While SSAS allows you to build a cube straight of the fact and dimension tables, however there are benefits in creating the cube from database views that sits on top of the underlying fact and dimension tables. Here’s why.
1. Allows use of reference tables or MDM for code descriptions
It’s a good modeling practice to store code and description in reference tables or in Master Data Management (MDM) systems especially if they are name-value pairs E.g. occupation code and description, employment status and description, country code and description, post code and suburb, diagnosis code and description. In such data warehouse systems, the dimension tables store only the code values and the description required for the cube is obtained using a database view on the dimension table that joins to the reference table. In this way changes to the code description flows through to the cube when it’s processed next time.
2. New attributes can be derived from existing ones
Having a database view on top of dimension tables helps to create new attributes from already materialized base attributes. For e.g. some prefer fiscal year to be displayed as FY2013 while others prefer 2012-13. Similarly new flags can be created which simplifies cube browsing. For e.g. based on the location the house can be classified as high risk or low risk to natural calamities. It must be noted while SSAS Data Source View (DSV) also allows to create named calculations, unlike database views DSVs are not re-usable. DSVs are however a second best alternative if you don’t own the database model and unable to make DDL changes (for e.g. a third party application).

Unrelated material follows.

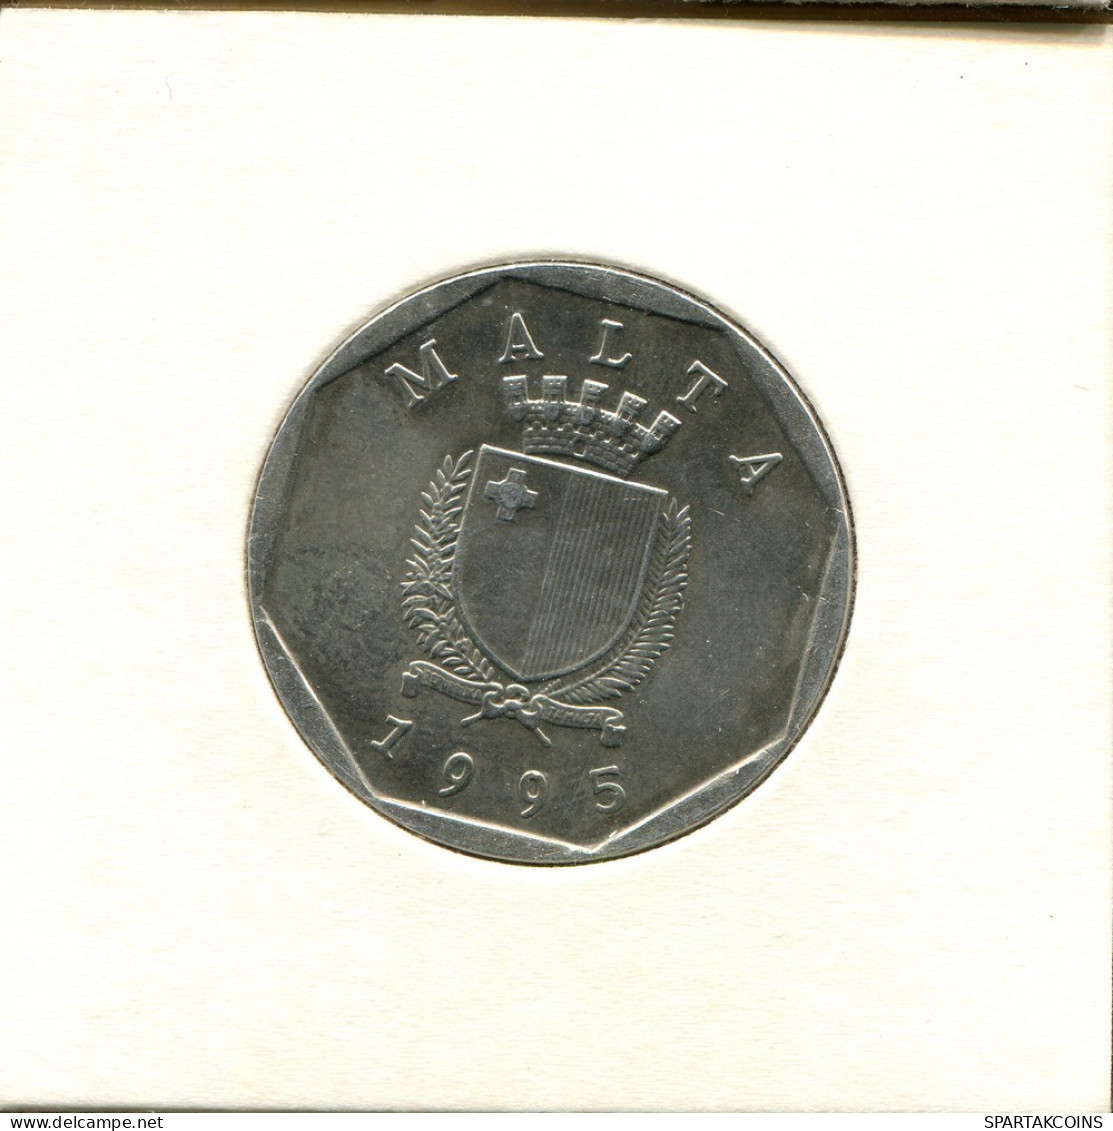 50 CENTS 1995 MALTA Moneda #AS640.E.A - Malte
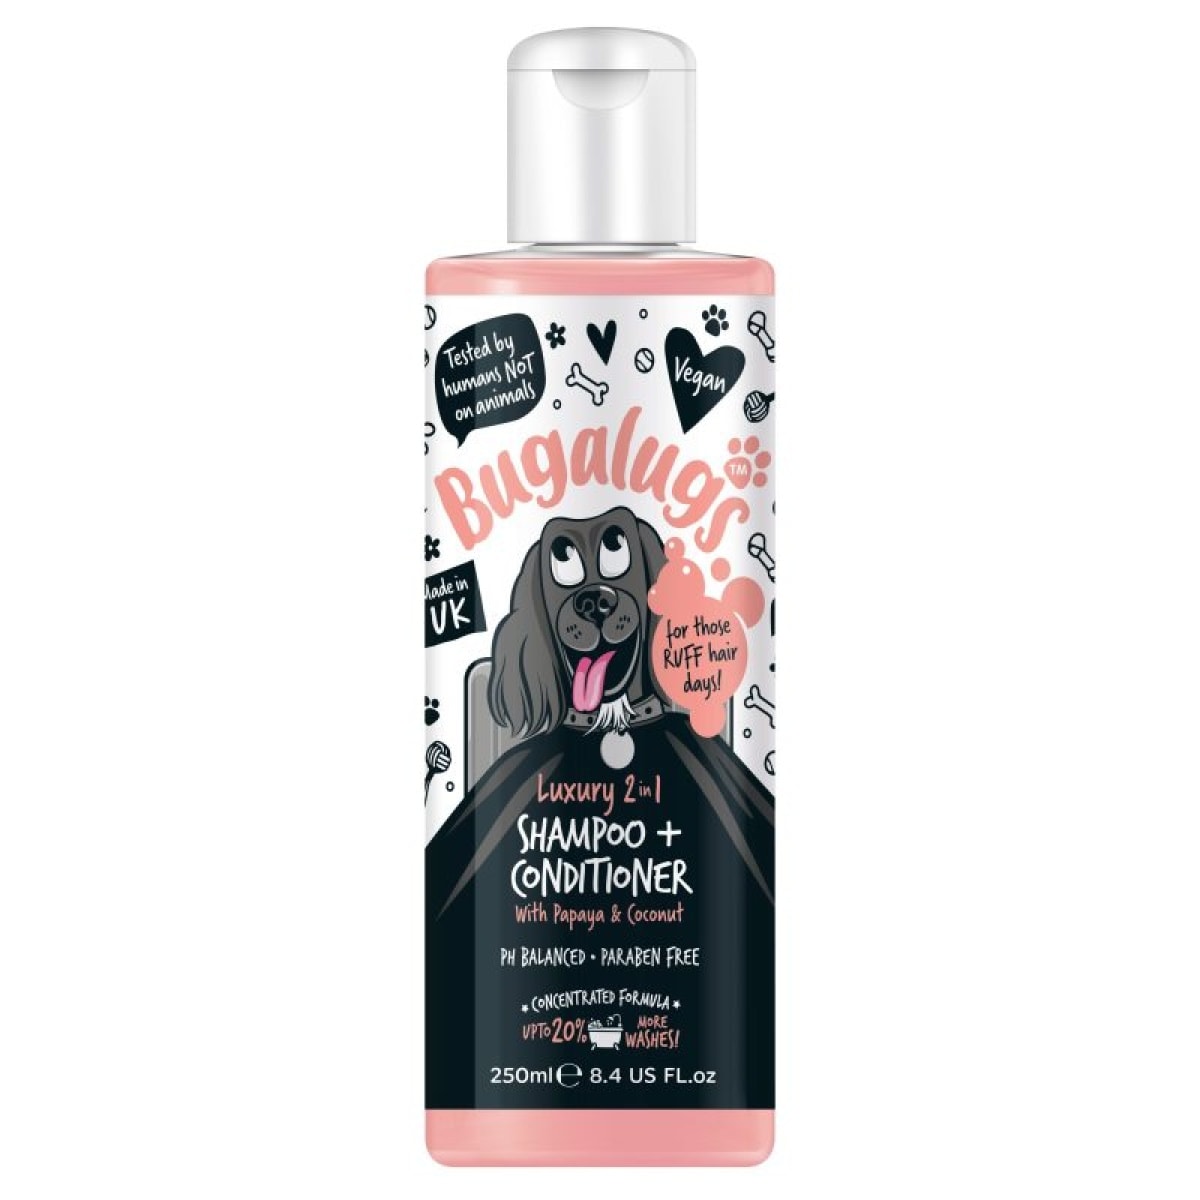 Bugalugs - Luxury 2 in 1 Dog Shampoo & Conditioner 250ml Main Image

3. Hide attributes to enhance cube browsing experience
Attributes such as specialized sort keys could be created in views on top of dimension tables. These attributes may not add business value as such but will definitely enhance the cube browsing experience and can be hidden in the dimension.
4. Exclude Unused Dimension Members
Not every dimension member is associated with a fact record. These unused dimension members are an eye sore and could be excluded using database views which will simplify the cube browsing experience thereby encouraging self-service BI.
5. New measures can be derived from existing ones
It’s not just the dimension tables that benefit from having database views. Fact tables also benefit from having database views. New measures with simple calculation can be derived from existing measures by creating database view on Fact tables without the need to materialize the new measure and make subsequent ETL changes. E.g. new.measure 4= (existing.measure1 + existing.measure 2)/ existing.measure 3. The new measure is a pre-aggregated measure and performs faster compared to an equivalent calculated measure in cube.
6. Security Mechanism
By creating database views, power users can be granted access to the de-normalized views instead of the underlying fact and dimension tables.
7. Semantic Layer
Ideally the table and column names would be the names that business users are familiar with. In instances where this is not the case, database views creates an opportunity to build this semantic layer.
When creating a SSAS DSV from database views, you have to re-establish the reference keys even though the underlying tables may already have foreign keys defined. This is an additional one-off step that must be done when using database views.